What you have to do —
When you reach the line that contains "ABRITES SUMMER PROMO IS HERE!", begin copying exactly and continue through the last line below. Do not copy pictures.

Available data —
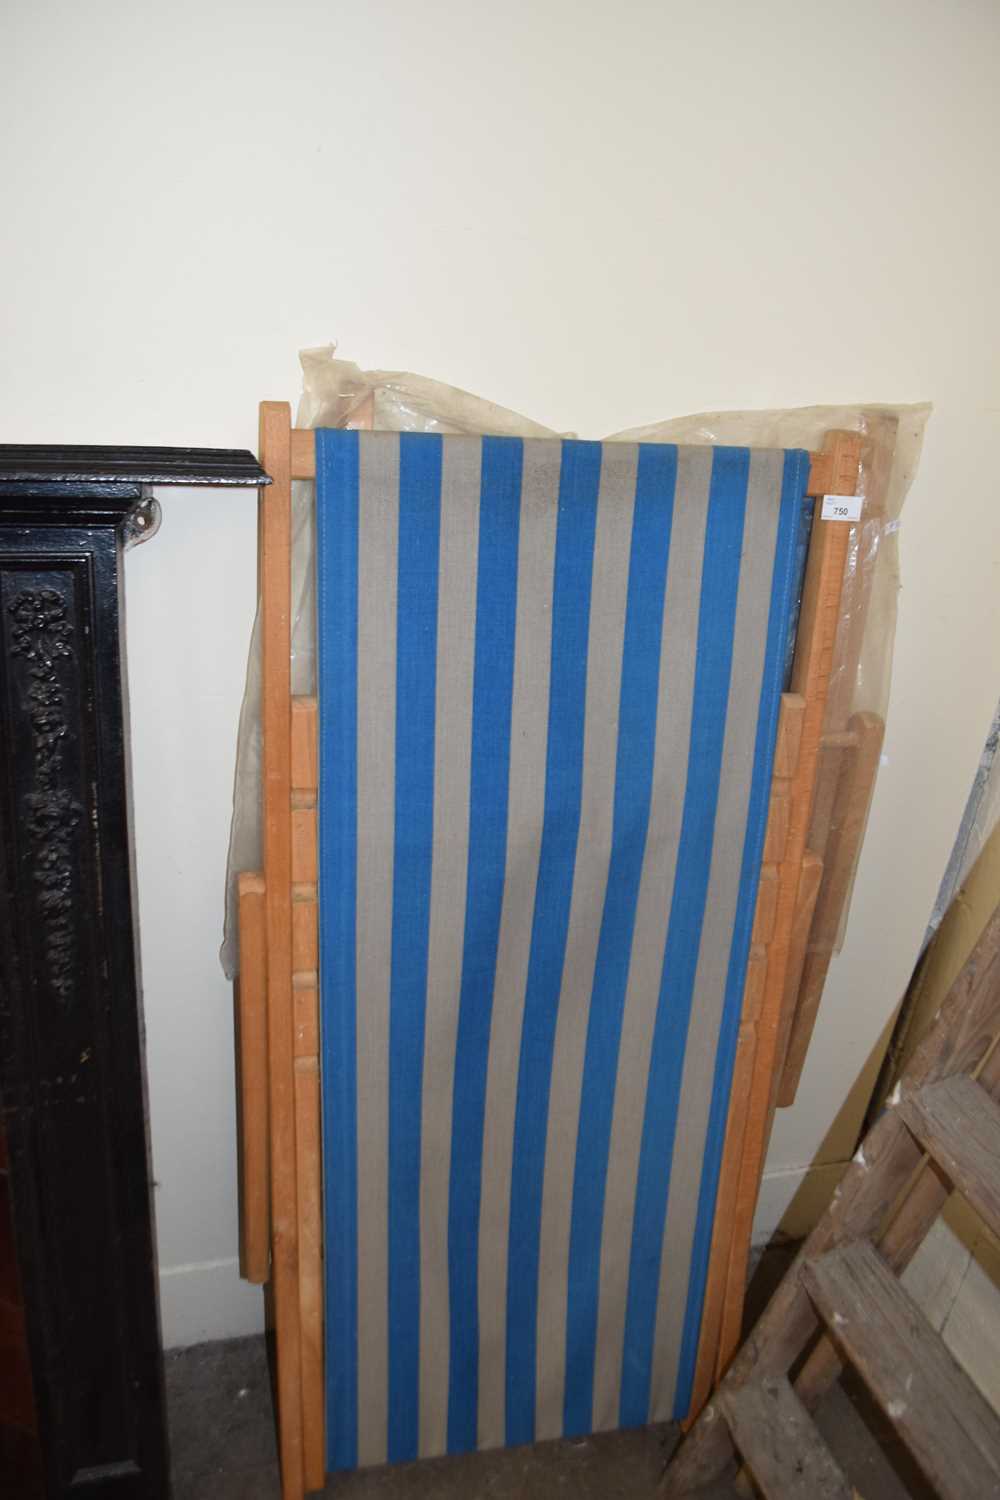 Pair of blue and grey striped deckchairs
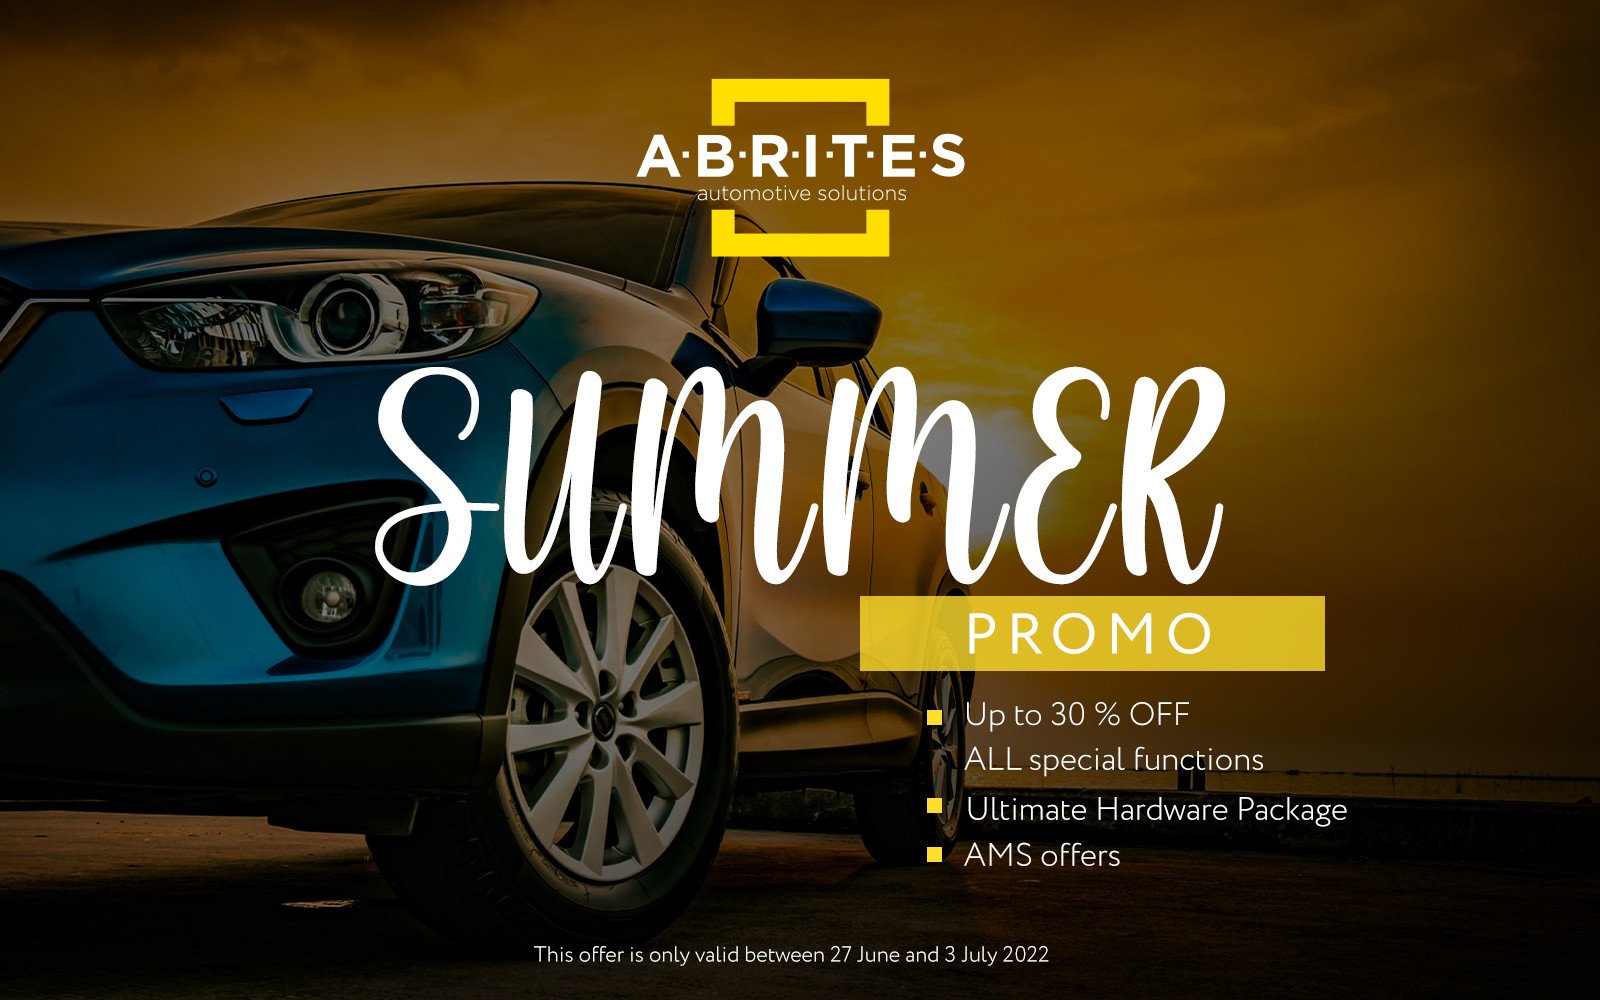 ABRITES SUMMER PROMO IS HERE!
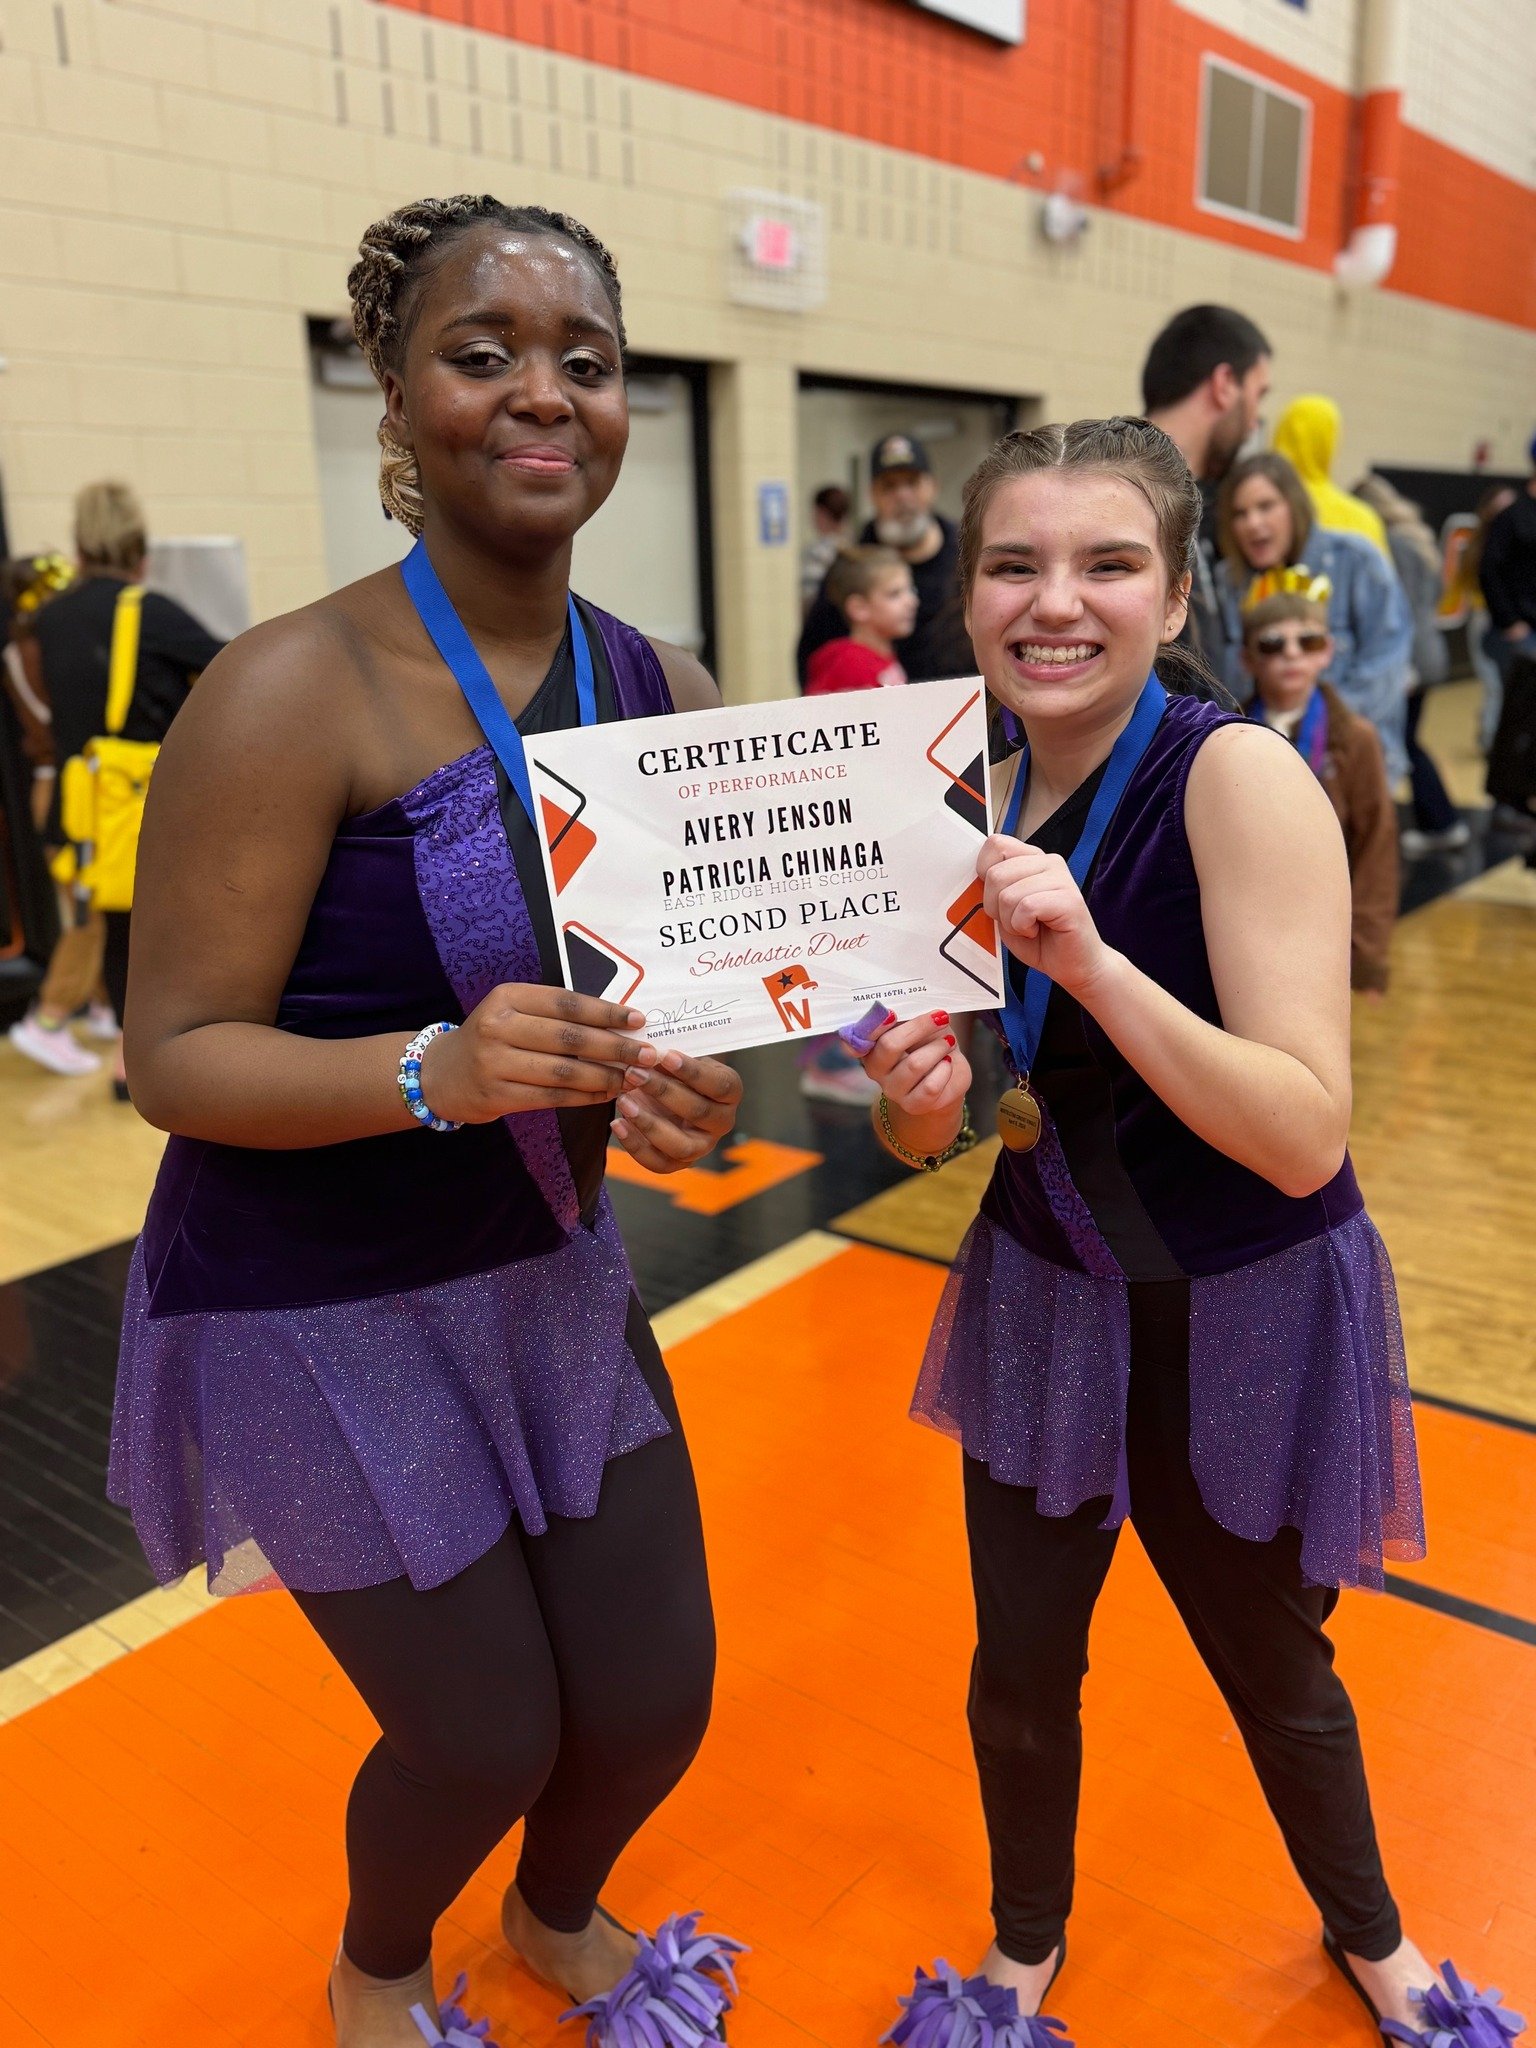 Congratulations to Avery and Patricia who earned second place for their Scholastic Duet at the Winter Guard competition last weekend at Osseo High School. Way to go ladies!

Response —
 ABRITES SUMMER PROMO IS HERE!
 Congratulations to Avery and Patricia who earned second place for their Scholastic Duet at the Winter Guard competition last weekend at Osseo High School. Way to go ladies!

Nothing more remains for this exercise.